MASEval provides a seeding system for reproducible benchmark runs. Seeds cascade from a global seed through all components, ensuring deterministic behavior when model providers support seeding. Study code and documentation of Benchmark, DefaultSeedGenerator to gain an understanding.

Early-Release Status

This project is early-release. Clean, maintainable code is the priority - not backwards compatibility.

  • Break APIs if it improves design
  • Refactor poor implementations
  • Remove technical debt as soon as you identify it
  • Don't preserve bad patterns for compatibility reasons
  • Focus on getting it right, not keeping it the same

We have zero obligation to maintain backwards compatibility. If you find code messy, propose a fix.

Scientific Integrity

MASEval is a scientific library. Scientific integrity is paramount. Never introduce defaults that could silently alter benchmark behavior or experimental outcomes.

The Boundary

Guiding principle: If a researcher would need to report a parameter in a paper's "Experimental Setup" section, do not invent a default for it.

Acceptable (infrastructure/convenience): TaskQueue(limit=None), Logger(verbose=False), num_workers=1, print_results(color=True) — these don't affect scientific results.

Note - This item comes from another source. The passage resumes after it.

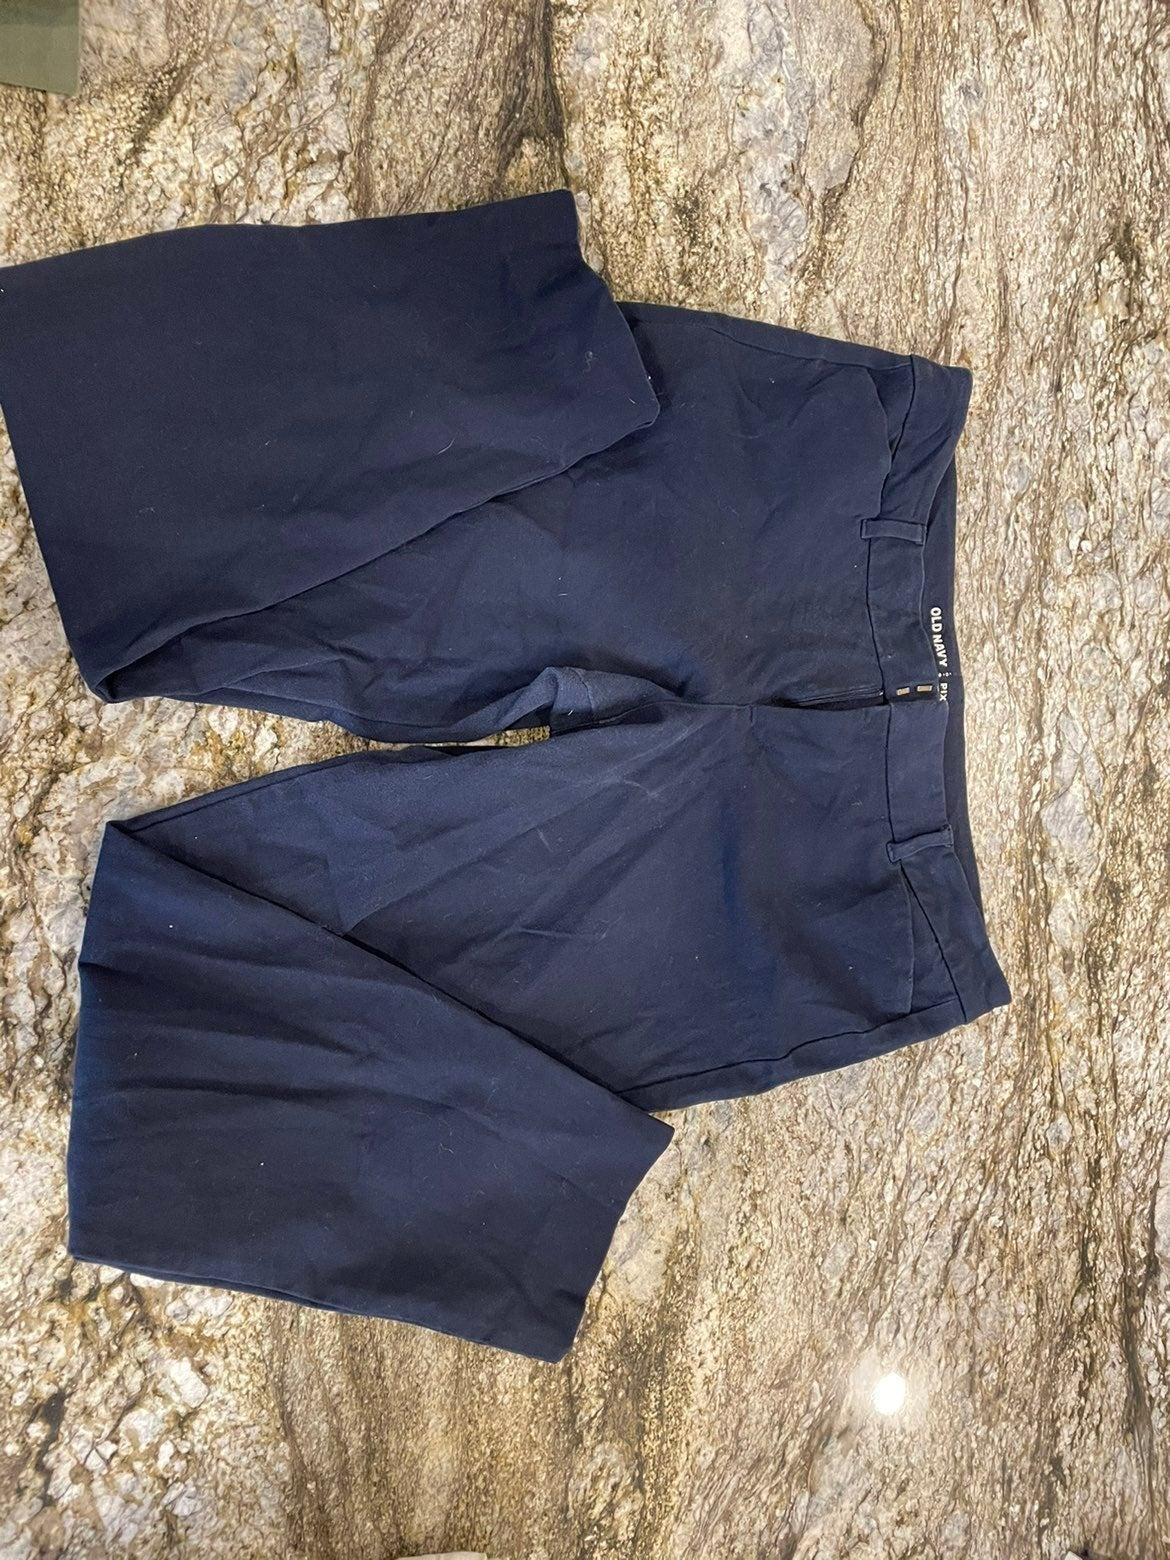 Old Navy Pixie Pants in Navy

Unacceptable (experimental parameters): Temperature, seed, model version, prompt format, simulation duration, agent limits, dataset splits, scoring functions — these alter what's being measured.

Reproducing Benchmarks

When integrating external benchmarks, match the source implementation exactly. Never invent fallback values.

# BAD: Invented defaults
config = EnvironmentConfig(
    duration=getattr(scenario, "duration", 86400),  # Made-up fallback!
)
start_time = getattr(scenario, "start_time", None)  # Hides missing attributes

# GOOD: Pass through directly, let errors surface
config = EnvironmentConfig(
    duration=scenario.duration,  # Trust the source
)
start_time = scenario.start_time  # AttributeError if missing

# GOOD: Copy source defaults with documentation
# Default value copied from original_library/evaluator.py:L45
EVAL_TEMPERATURE = 0.7

class Evaluator:
    def run(self, temperature: Optional[float] = None):
        if temperature is None:
            temperature = EVAL_TEMPERATURE  # From source:L45

# also good:
class Evaluator:
    # default temperature from source:L45
    def run(self, temperature: Optional[float] = 0.7):
        ...

Rule: Only copy defaults that exist in the source. If the original doesn't provide a default, neither should you. Always document the source file and line number.